LongCat-2.0: China’s 1.6T Model Trained Without Nvidia
3 min readChina just cleared a milestone that US export controls were designed to prevent. On June 30, Chinese services giant Meituan open-sourced LongCat-2.0, a 1.6 trillion parameter model that the company says was trained and served end to end on domestic Chinese chips, with no Nvidia GPUs involved. It is the largest AI model yet claimed to be built entirely on local silicon.
Why Domestic Chips Matter
For two years, US restrictions have limited China’s access to Nvidia’s most powerful accelerators, the hardware that trains frontier models. Chinese labs adapted, but with a catch. Earlier flagships like DeepSeek leaned on domestic chips for inference, the everyday job of answering prompts, while still relying on foreign silicon for the compute heavy pretraining phase. As SiliconANGLE reports, LongCat-2.0 is notable because Meituan says it removed that dependency entirely.

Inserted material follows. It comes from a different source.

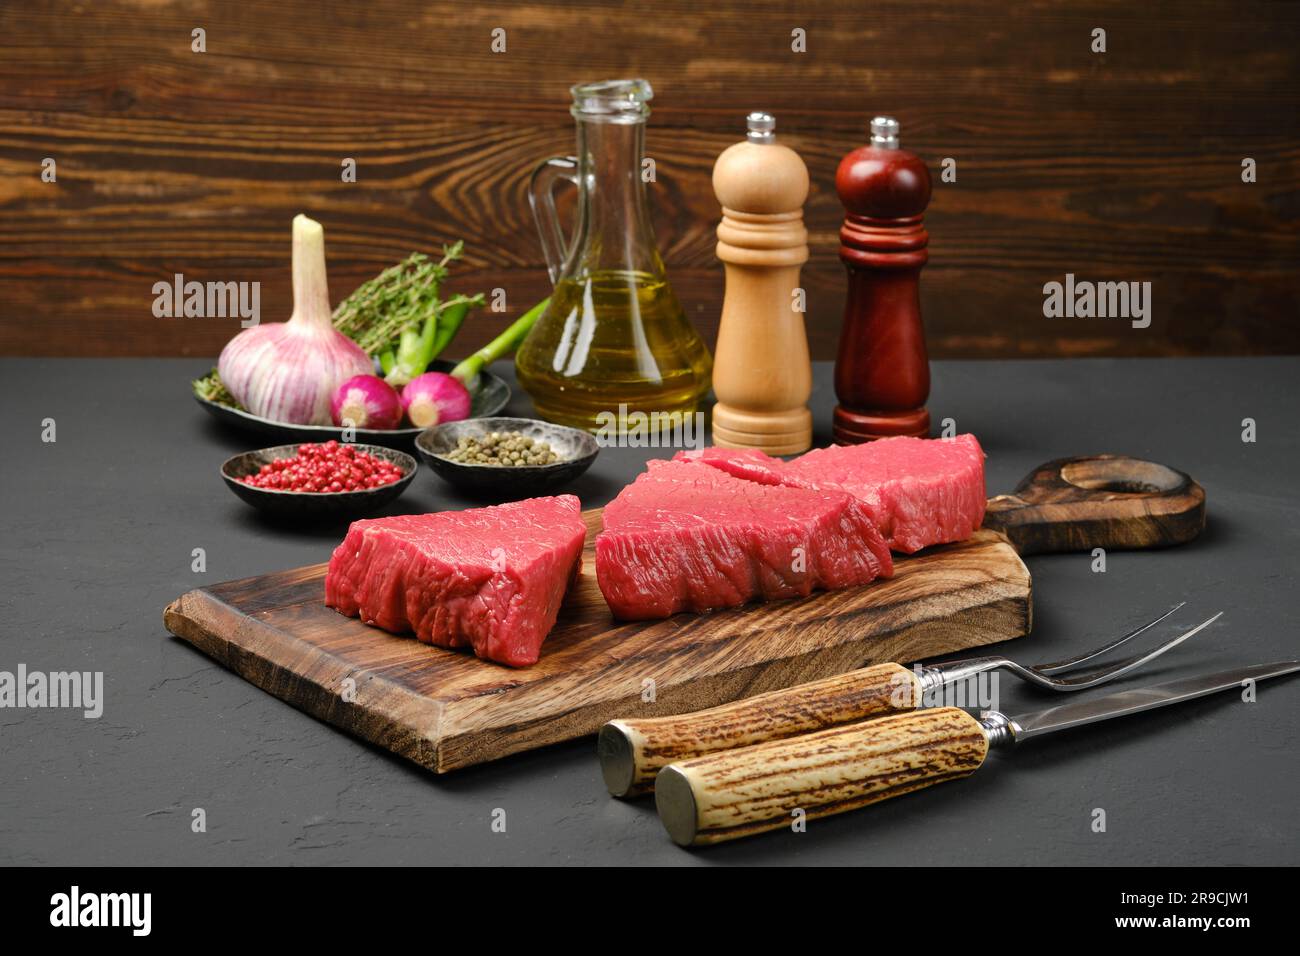 https://c8.alamy.com/comp/2R9CJW1/three-large-raw-tri-tip-loin-beef-steaks-2R9CJW1.jpg

What LongCat-2.0 Actually Is
LongCat-2.0 is a Mixture of Experts model with 1.6 trillion total parameters, though it activates only about 48 billion per token to keep costs down. It ships with a native context window of one million tokens under a permissive MIT license. Meituan says it trained the model on a cluster of more than 50,000 domestic ASICs, custom chips built specifically for AI work.
The model is not a newcomer. According to VentureBeat, it quietly topped the OpenRouter developer charts for two months under the codename “Owl Alpha” before Meituan revealed what it was. On agentic coding benchmarks, its scores land near GPT-5.5, Gemini 3.1 Pro, and Claude Opus 4.6. One caveat holds it back for now: the full weights are not posted yet, with the GitHub and Hugging Face pages still showing a “coming soon” note.
Why It Matters
The claim, if it holds up, undercuts a core assumption behind US chip policy: that cutting off Nvidia access would keep China a generation behind at the frontier. A near frontier model trained without a single Nvidia GPU suggests domestic alternatives have matured faster than many expected. Releasing it under an open license also adds fuel to a strategy Chinese firms have leaned into all year, giving away capable models to win global developer share while several US labs move to gate access.
The next thing to watch is verification. Independent researchers will want to confirm the training claims once the weights land, and rivals will study whether a cluster of domestic ASICs can really match a Western GPU farm at scale.
For now, LongCat-2.0 stands as a signal that the hardware gap Washington hoped to widen may be narrowing instead.